The tasks to be demonstrated are the following:

1. Configuration
2. Retrieve human neuron morphologies from the Allen Cell Types Database
3. Load the complete metadata of the neuron morphologies from Allen
4. Load the transformation Mappings
5. Map the neuron morphologies from Allen to the Neuroshapes Models
6. Add the created entities from Allen to Nexus
7. Retrieve the created entities

## 1. Session configuration

In [1]:
import getpass

import allensdk

from kgforge.core import KnowledgeGraphForge
from kgforge.version import __version__

Check versions

In [2]:
print("Allensdk is", allensdk.__version__, ", and Nexus Fogre is", __version__)

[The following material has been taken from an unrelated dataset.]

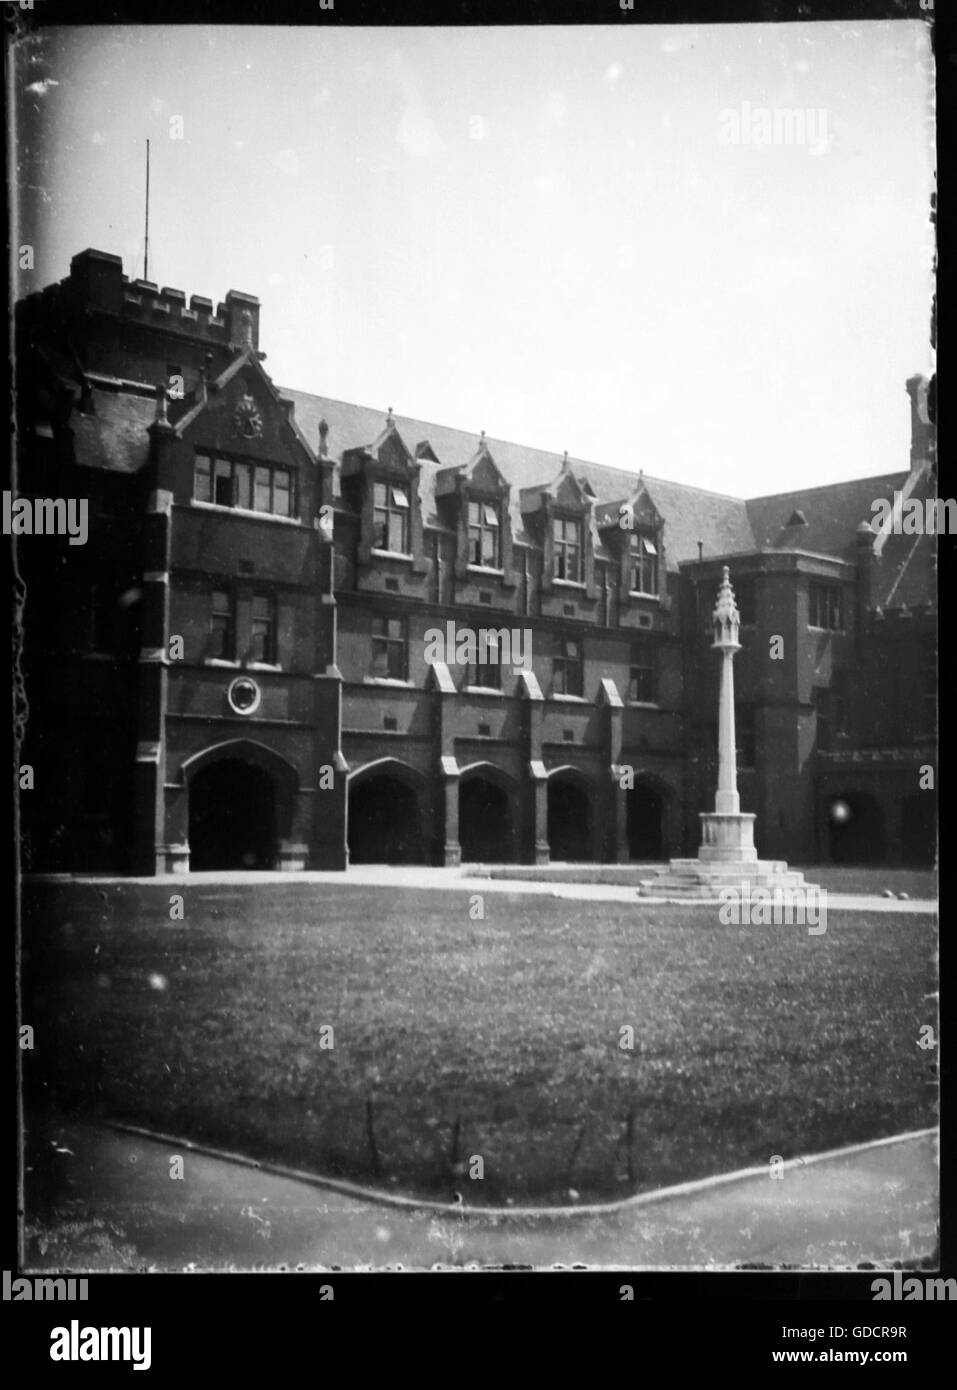 Bâtiment principal de l'école l'école Bancroft, Woodford, Essex. Vers 1930. À partir de l'original numérisé négatif sur verre. Banque D'Images

Allensdk is 1.7.1 , and Nexus Fogre is 0.2.1.dev82+g0b66b09


Please enter your BBP token:

In [3]:
# token = getpass.getpass()
token = "eyJhbGciOiJSUzI1NiIsInR5cCIgOiAiSldUIiwia2lkIiA6ICI5T0R3Z1JSTFVsTTJHbFphVDZjVklnenJsb0lzUWJmbTBDck1icXNjNHQ4In0.eyJqdGkiOiI4NmJiNmUxNi04OWFhLTRjYjktODNhMC0zYjc2MDU0NDk5NGYiLCJleHAiOjE1OTExNjA4NTIsIm5iZiI6MCwiaWF0IjoxNTkxMTMyMDUyLCJpc3MiOiJodHRwczovL2JicGF1dGguZXBmbC5jaC9hdXRoL3JlYWxtcy9CQlAiLCJzdWIiOiJmOjBmZGFkZWY3LWIyYjktNDkyYi1hZjQ2LWM2NTQ5MmQ0NTljMjphZ2FyY2lhIiwidHlwIjoiQmVhcmVyIiwiYXpwIjoibmV4dXMtd2ViIiwibm9uY2UiOiJjM2M5YmRhMTZkNTM0Zjk0ODgxZGRhYzZhZGQ2NjAzZCIsImF1dGhfdGltZSI6MTU5MTEzMjA1MSwic2Vzc2lvbl9zdGF0ZSI6ImIwM2FjYWM1LTIxOGItNDA5My05Y2ZmLTRlNTRhY2FhNTQxYSIsImFjciI6IjAiLCJhbGxvd2VkLW9yaWdpbnMiOlsiaHR0cHM6Ly9kZXYubmV4dXMub2NwLmJicC5lcGZsLmNoIiwiaHR0cHM6Ly9iYnAuZXBmbC5jaCIsImh0dHA6Ly9kZXYubmV4dXMub2NwLmJicC5lcGZsLmNoIiwiaHR0cHM6Ly9zdGFnaW5nLm5leHVzLm9jcC5iYnAuZXBmbC5jaCIsImh0dHBzOi8vYmJwLW5leHVzLmVwZmwuY2giLCJodHRwczovL2JicHRlYW0uZXBmbC5jaCIsImh0dHA6Ly9zdGFnaW5nLm5leHVzLm9jcC5iYnAuZXBmbC5jaCJdLCJzY29wZSI6Im9wZW5pZCBwcm9maWxlIGdyb3VwcyBlbWFpbCIsImVtYWlsX3ZlcmlmaWVkIjp0cnVlLCJuYW1lIjoiQWxlamFuZHJhIEdhcmNpYSBSb2phcyBHYXJjaWEgUm9qYXMgTWFydGluZXoiLCJwcmVmZXJyZWRfdXNlcm5hbWUiOiJhZ2FyY2lhIiwiZ2l2ZW5fbmFtZSI6IkFsZWphbmRyYSBHYXJjaWEgUm9qYXMiLCJmYW1pbHlfbmFtZSI6IkdhcmNpYSBSb2phcyBNYXJ0aW5leiIsImVtYWlsIjoiYWxlamFuZHJhLmdhcmNpYXJvamFzQGVwZmwuY2gifQ.oB7SCkvflnTudSlDINGueJLZalRcMhTNPeevFpJRajCXXlRivH4JRENbVRuYZDO5__N3KjYigRkRIhrP-AXBxj8TLv8nFpyGP6G_1T3BRRqed9EjCxowoA13tEb7x40U1BNnoEPdGau2YiH3149MEALgKpmCLftiCd1ooEwpSzd-6NiVJuWbdlZWd12OJYg3D2oL62pt5n7tCgKUBCIphgG2Okc9StU1Wm-P6UsT--23q-0WXdxODMUrvrOiWi1d9V50LHQ3gzIOqHx4MruBA4NgvE_3QcIOuysWvhZVifErnjKmYAiLhcslkW8Ecilj7wkOu_ZBd64TnBTUdYKnkA"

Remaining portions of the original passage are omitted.